Другие хищники эксплуатируют во время охоты сейсмическое чувство своих жертв. Каждый апрель в городе Сопчоппи, штат Флорида, проходит фестиваль, посвященный давней традиции «выскребания червей». С 1960-х гг. несколько местных семей уходили в лес, втыкали в землю колья и скребли их чем-нибудь железным, создавая вибрации. Вскоре на поверхность выползали сотни крупных дождевых червей, которых можно было собирать ведрами и продавать как наживку. Некоторые выскребатели полагают, что эти вибрации имитируют звук дождя, но Кен Катания – тот самый, который изучал крота-звездоноса, – доказал, что они ошибаются{489}. Побывав на фестивале в Сопчоппи в 2008 г., он установил, что на стук капель черви почти не реагируют, зато пулей вылетают на поверхность, уловив вибрации, исходящие от роющего крота (или хотя бы звук этих вибраций в записи). Стратегия в принципе разумная, поскольку наверху крот свою добычу преследовать не будет. Однако некоторые наземные хищники догадались выманивать червей, намеренно сотрясая почву. Этим занимаются серебристые чайки, лесные черепахи – и, как мы уже знаем, флоридцы. Выскребатели червей десятилетиями, сами того не подозревая, имитировали крототрясения[156].

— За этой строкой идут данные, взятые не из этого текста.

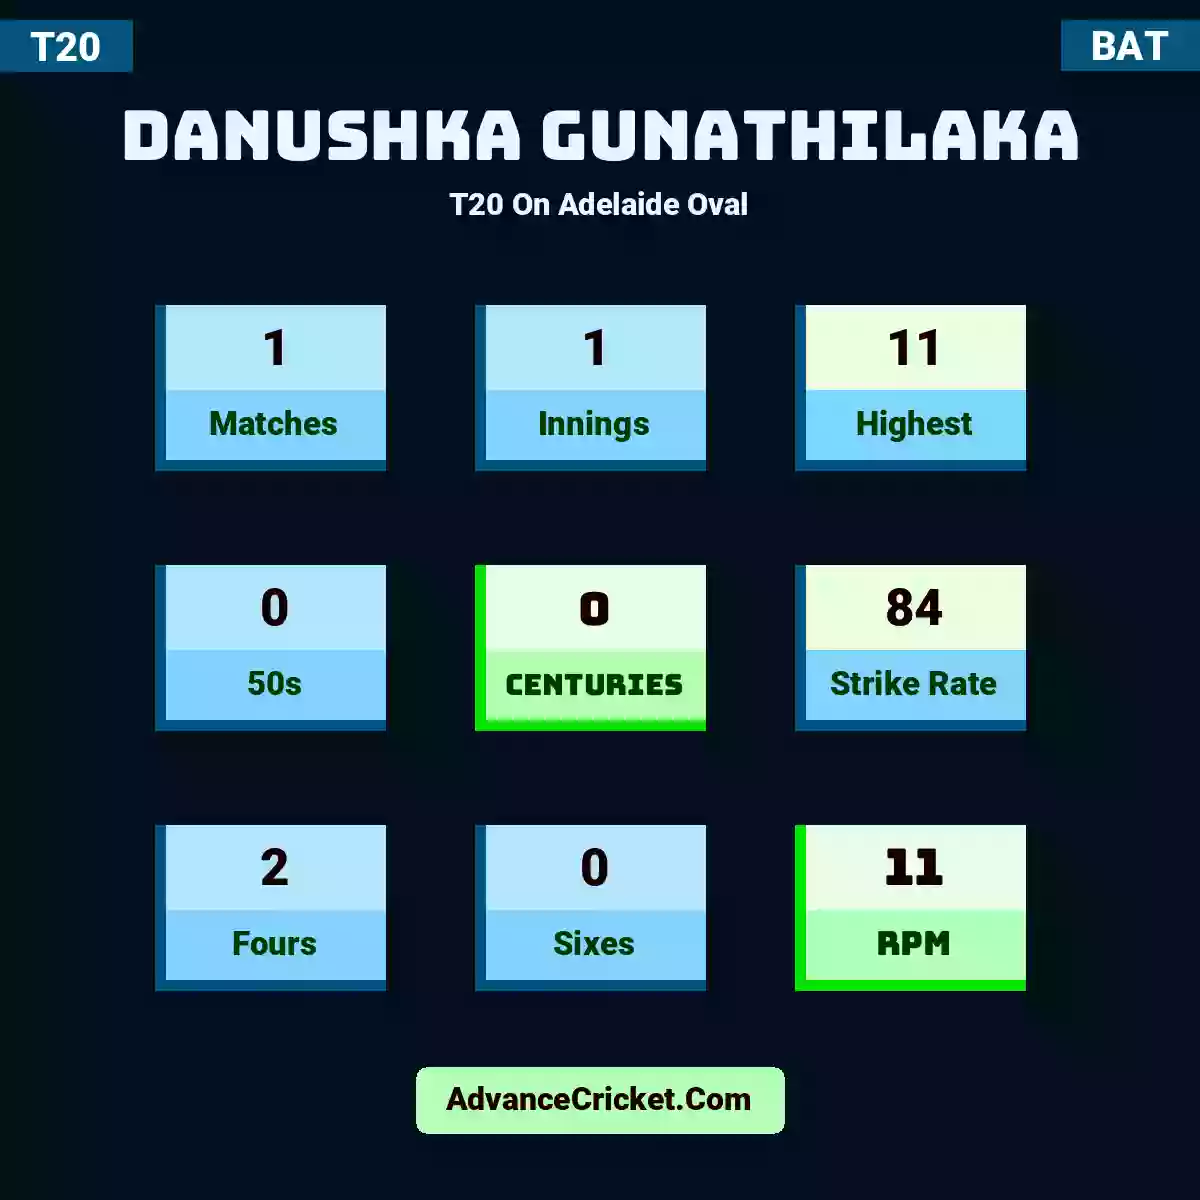 Danushka Gunathilaka T20  On Adelaide Oval, Danushka Gunathilaka played 1 matches, scored 11 runs as highest, 0 half-centuries, and 0 centuries, with a strike rate of 84. D.Gunathilaka hit 2 fours and 0 sixes, with an RPM of 11.

Судя по всему, животные начали ощущать сейсмические вибрации с того момента, как выбрались из моря на сушу. Первые позвоночные, решившиеся на этот шаг, – древние земноводные и пресмыкающиеся, – скорее всего, клали свою большую голову на землю, так что поверхностные волны передавались по челюстным костям к внутреннему уху. У предков млекопитающих три челюстные кости переориентировались на передачу звуков, распространяющихся по воздуху. Уменьшившись и сместившись, они превратились в мелкие косточки среднего уха – молоточек, наковальню и стремечко. И теперь, вместо того чтобы передавать поверхностные вибрации, поступающие от земли через челюсть, они передают звуки, поступающие из воздушной среды через внешнее ухо и барабанную перепонку.
Однако древний механизм передачи через кость все еще действует: вибрации могут передаваться непосредственно во внутреннее ухо через кости черепа, минуя и внешнее ухо, и барабанную перепонку. Велосипедисты и бегуны пользуются аудиоустройствами «с костной проводимостью», чтобы слушать музыку, не затыкая уши обычными наушниками. Страдающим нарушениями слуха облегчают жизнь слуховые аппараты на основе костной проводимости, а глухим танцорам предлагается специальный вибрирующий танцпол. Обычный слух тоже отчасти обеспечивается костной проводимостью, поэтому собственный голос так часто кажется нам чужим в записи. Запись воспроизводит лишь те составляющие голоса, которые распространяются в воздушной среде, но не вибрации, передаваемые костями черепа.